Citrinowicz adds that "developments in Iraq highlight the underlying confrontation between the Iraqi state and Iranian influence. They demonstrate that, despite the Islamic Republic’s apparent control in the region, it still faces enormous challenges in enforcing its will.”
For Iran, losing the militias is not an option. If there is one country more central to Iran’s foreign policy than any other, it is Iraq. “Iran’s fundamental strategy is to ensure that Iraq remains weak, does not threaten Iran, and that Iraqi Shiites do not harm the Iranian state itself,” explains Citrinowicz. “But Iraqi Prime Minister Mohammed Shia' al-Sudani recognizes Iran’s weakness and is trying to exploit it.”
The desire to distance Iraq from Iran is understandable: Iraqis fear becoming another Lebanon, where Iran’s proxy Hezbollah has brought disaster upon the country. The Iraqi prime minister sees an opportunity to increase his country’s control over the militias and wants to regulate them to prevent a situation where they drag Iraq into war. “But no matter how weak Iran may be, it will not relinquish its grip on Iraq,” stresses Citrinowicz.
The Islamic Republic may also face another political setback in Baghdad. During the war, Iraq’s government, under pressure from the militias, secured an agreement for the withdrawal of the remaining U.S. forces in Iraq by 2026. However, after Assad’s fall, the situation shifted. Before Assad’s defeat, the militias argued that there was no longer a need for U.S. support since ISIS had been defeated.
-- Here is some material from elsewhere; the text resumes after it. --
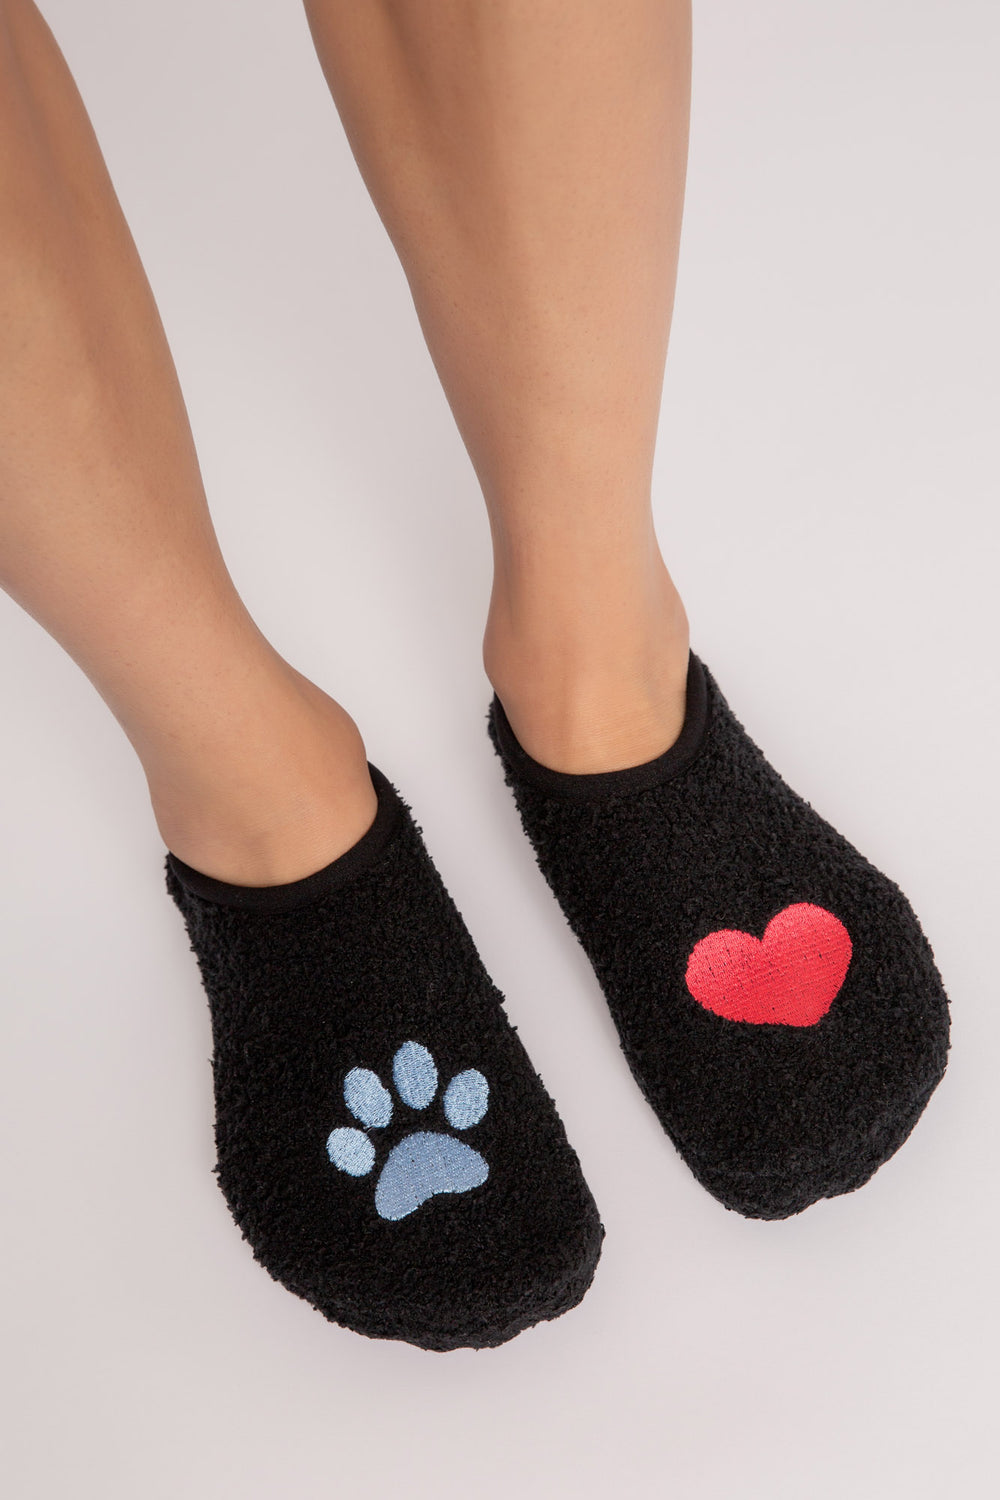 Black cozy slipper-sock with dog paw & heart design on toes. Clear-printed grippers on soles. (6589295624292)

Now, though, fears of ISIS’ resurgence in Iraq are growing, and there is no better ally than the U.S. to counter this threat.
“The changing dynamics in the region necessitate the continued presence of the international coalition,” recently stated Mohammed al-Husseini, a senior figure in Iraq’s Coordination Framework, the political bloc supporting the Iraqi government.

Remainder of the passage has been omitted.